Uses a custom vocabulary of 30,522 words optimized for mathematical terminology processing

Bidirectional Context Understanding

Achieves bidirectional sentence representation learning through MLM objectives

Case Insensitivity

Uniformly processes case variants to enhance model robustness

Model Capabilities

Mathematical Text Feature Extraction

Mathematical Problem Understanding

Mathematical Terminology Prediction

Mathematical Sentence Relation Judgment

Use Cases

Educational Technology

Math Problem Solving System

Serves as the feature extraction module for math Q&A systems

Outperforms general models in mathematical text completion tasks

Math Textbook Analysis

Analyzes the content structure of math textbooks

Academic Research

Math Paper Processing

Processes arXiv math paper abstracts

🚀 MathBERT model (custom vocab)

A pretrained model on pre - k to graduate math language (English) using masked language modeling (MLM) objective.

🚀 Quick Start

The MathBERT model is pretrained on a vast English math corpus in a self - supervised way. It can be used for masked language modeling or next sentence prediction out - of - the - box, but it's mainly designed to be fine - tuned on math - related downstream tasks.

✨ Features

Self - Supervised Learning: Trained on raw math texts without human labeling, using masked language modeling (MLM) and next sentence prediction (NSP) objectives.
Bidirectional Representation: Learns a bidirectional understanding of math language, different from traditional RNNs and autoregressive models.
Feature Extraction: Can extract useful features for downstream math - related tasks.

📚 Documentation

Model Description

MathBERT is a transformers model pretrained on a large corpus of English math data in a self - supervised manner. It was pretrained with two main objectives:

Masked Language Modeling (MLM): Randomly masks 15% of the words in an input sentence and predicts the masked words. This helps the model learn a bidirectional representation of the sentence.
Next Sentence Prediction (NSP): Concatenates two masked sentences during pretraining and predicts if they were consecutive in the original text.

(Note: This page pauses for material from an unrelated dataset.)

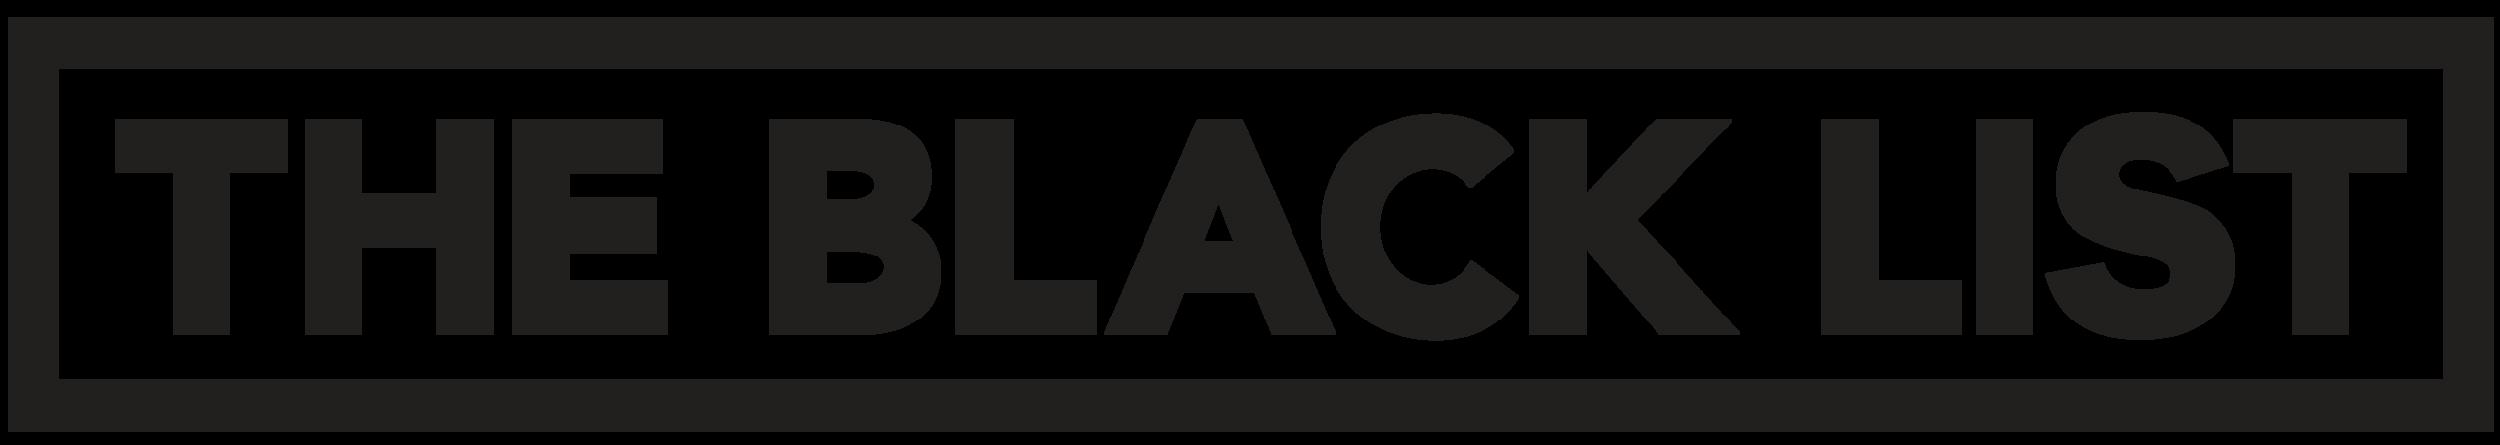 Black_List_logo copy.png

The model learns an internal representation of math language, which can be used to extract features for downstream tasks. For example, you can train a classifier using the features generated by MathBERT.

Intended Uses & Limitations

Intended Uses: The raw model can be used for masked language modeling or next sentence prediction. However, it's mainly intended for fine - tuning on math - related downstream tasks such as sequence classification, token classification, or question answering.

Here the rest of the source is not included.